• Stored data
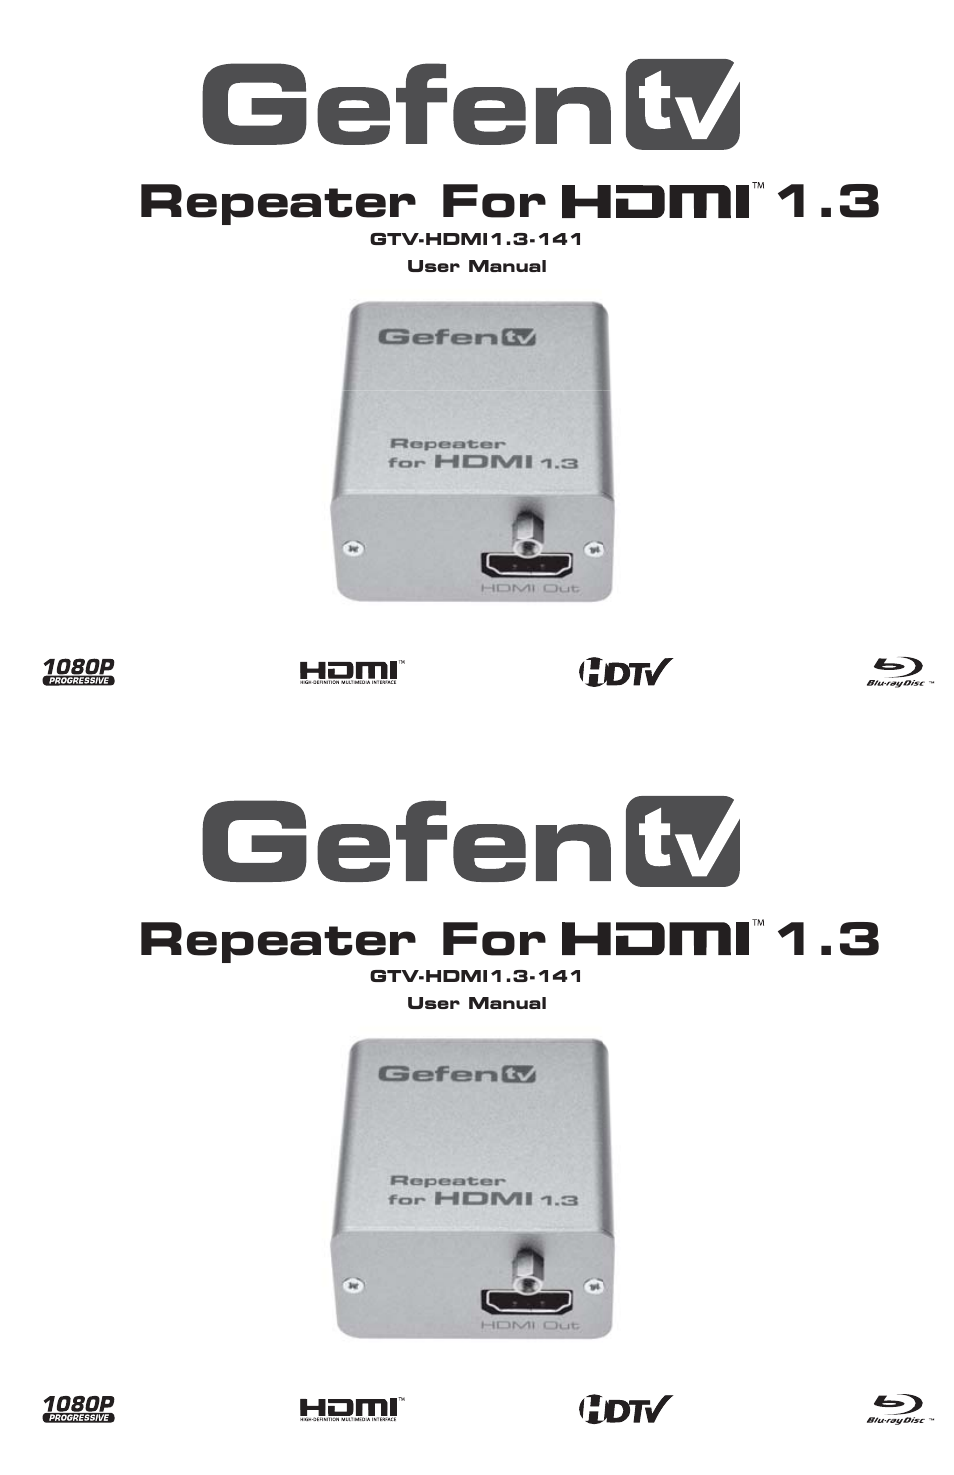 Repeater For HDMI 1.3 GTV-HDMI1.3-141
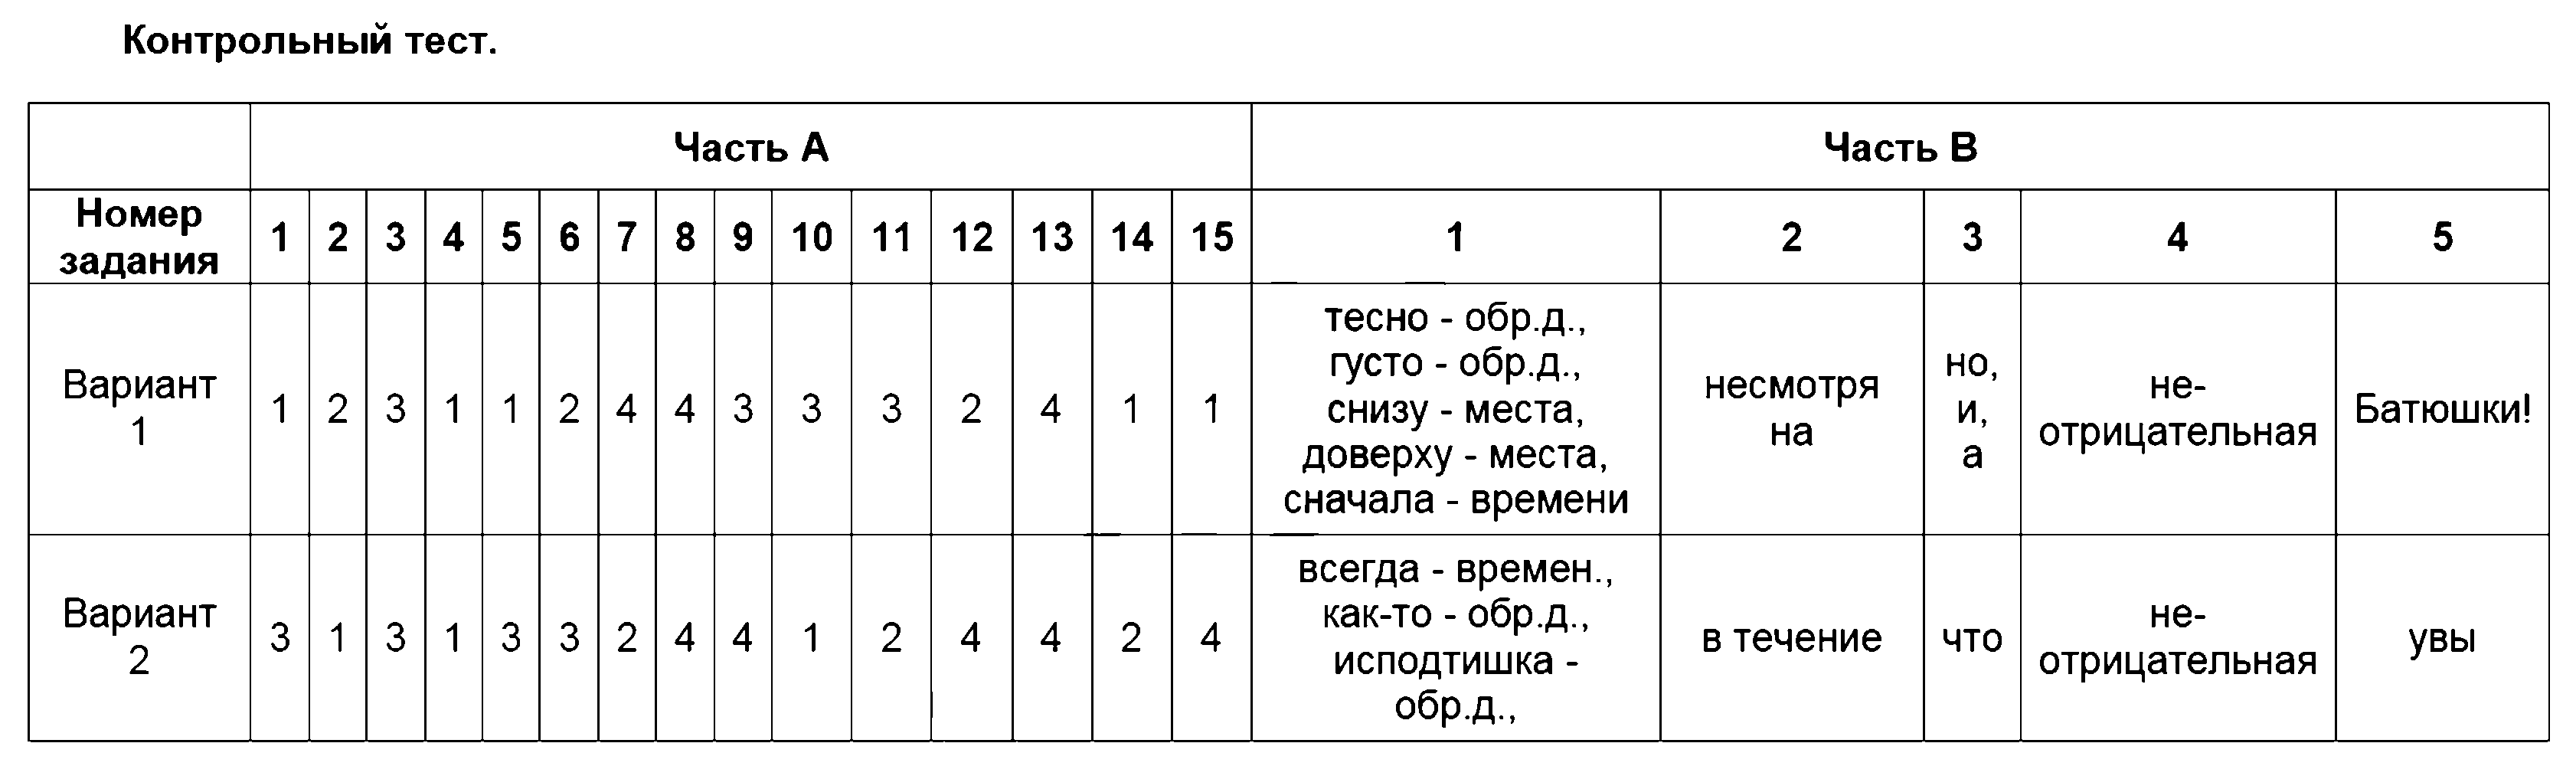 ГДЗ Русский язык 7 класс - 17. Контрольный тест
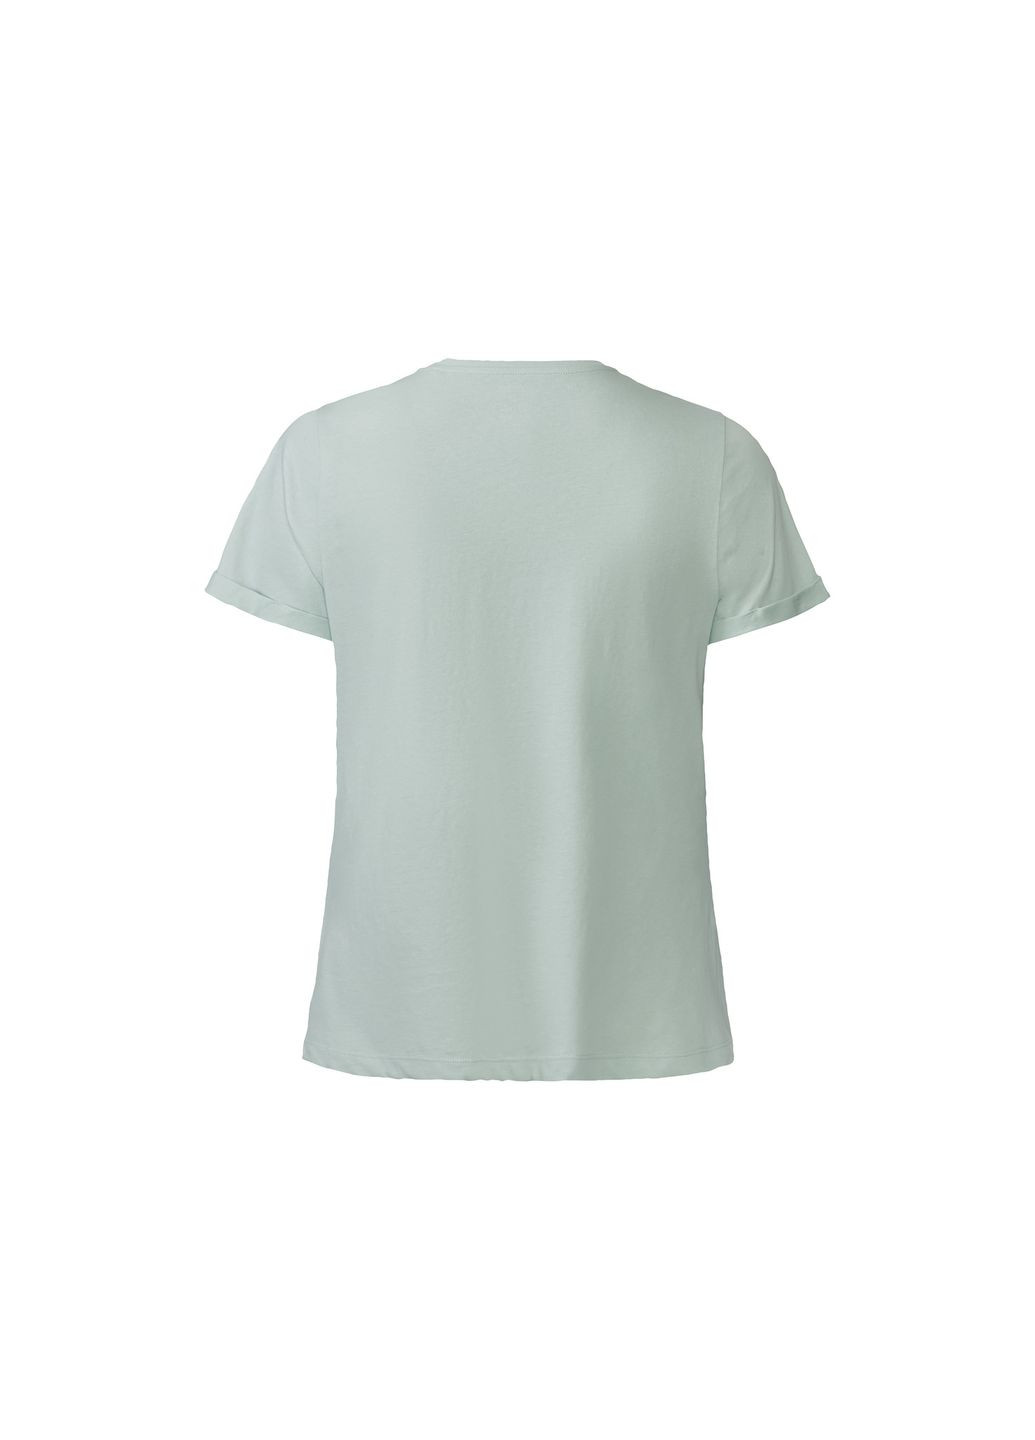 Зеленая пижама (футболка и шорты) для женщины lidl 409994 Esmara
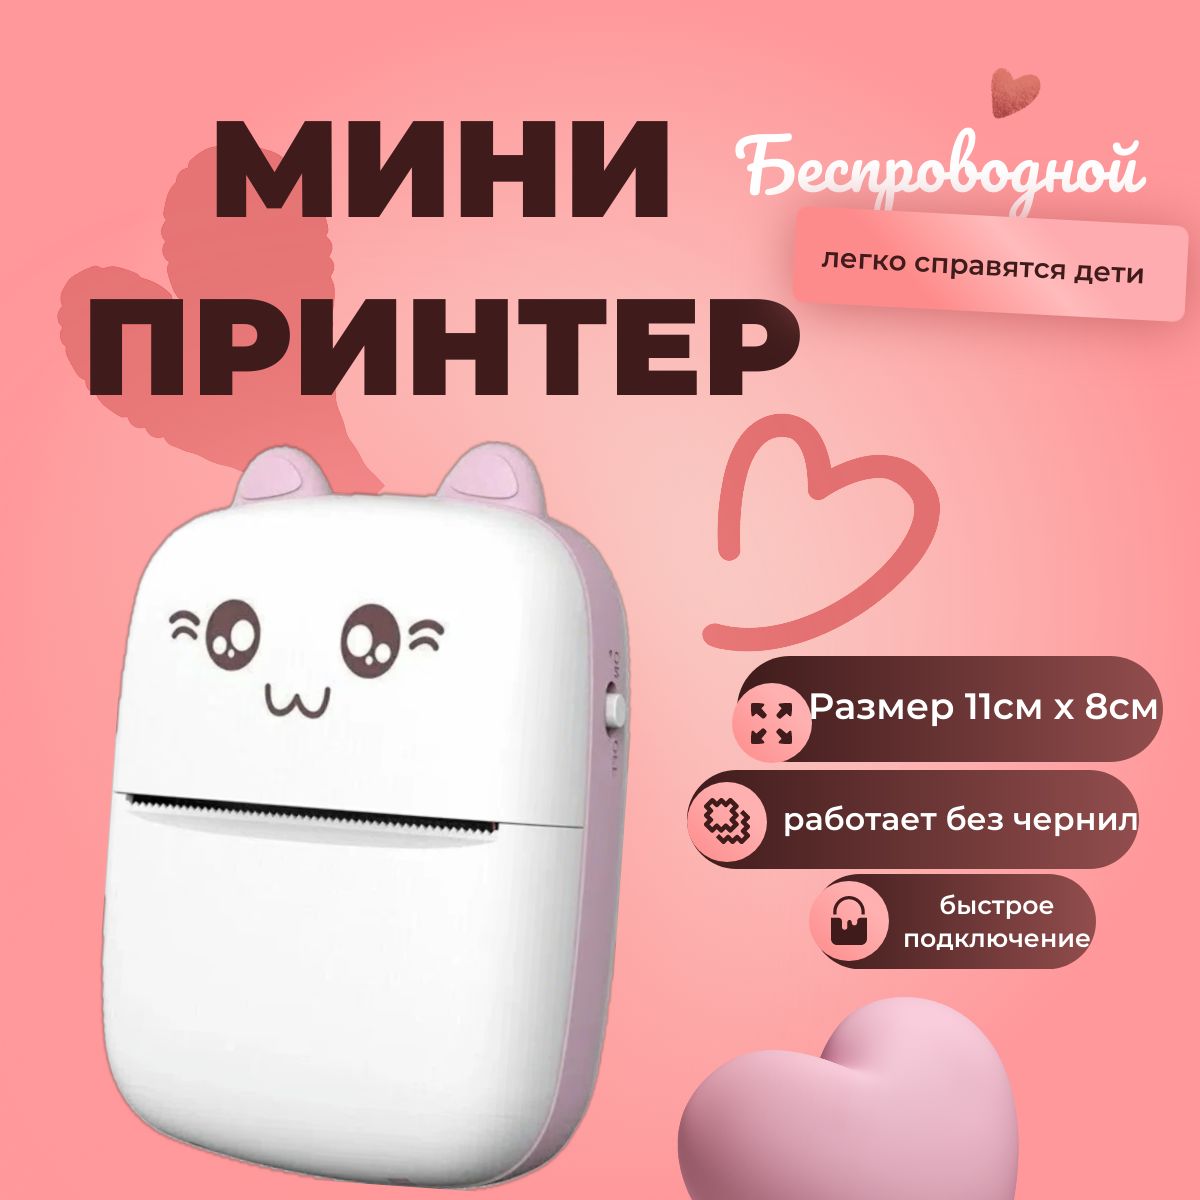 Ответы steklorez69.ru: Принтер печатает розовым. Можно ли это исправить самому и как?

• Exercise directions
Your task is to set down each line above verbatim while excluding the pictures.

• Answer space
 Repeater For HDMI 1.3 GTV-HDMI1.3-141
 ГДЗ Русский язык 7 класс - 17. Контрольный тест
 Зеленая пижама (футболка и шорты) для женщины lidl 409994 Esmara
 Ответы steklorez69.ru: Принтер печатает розовым. Можно ли это исправить самому и как?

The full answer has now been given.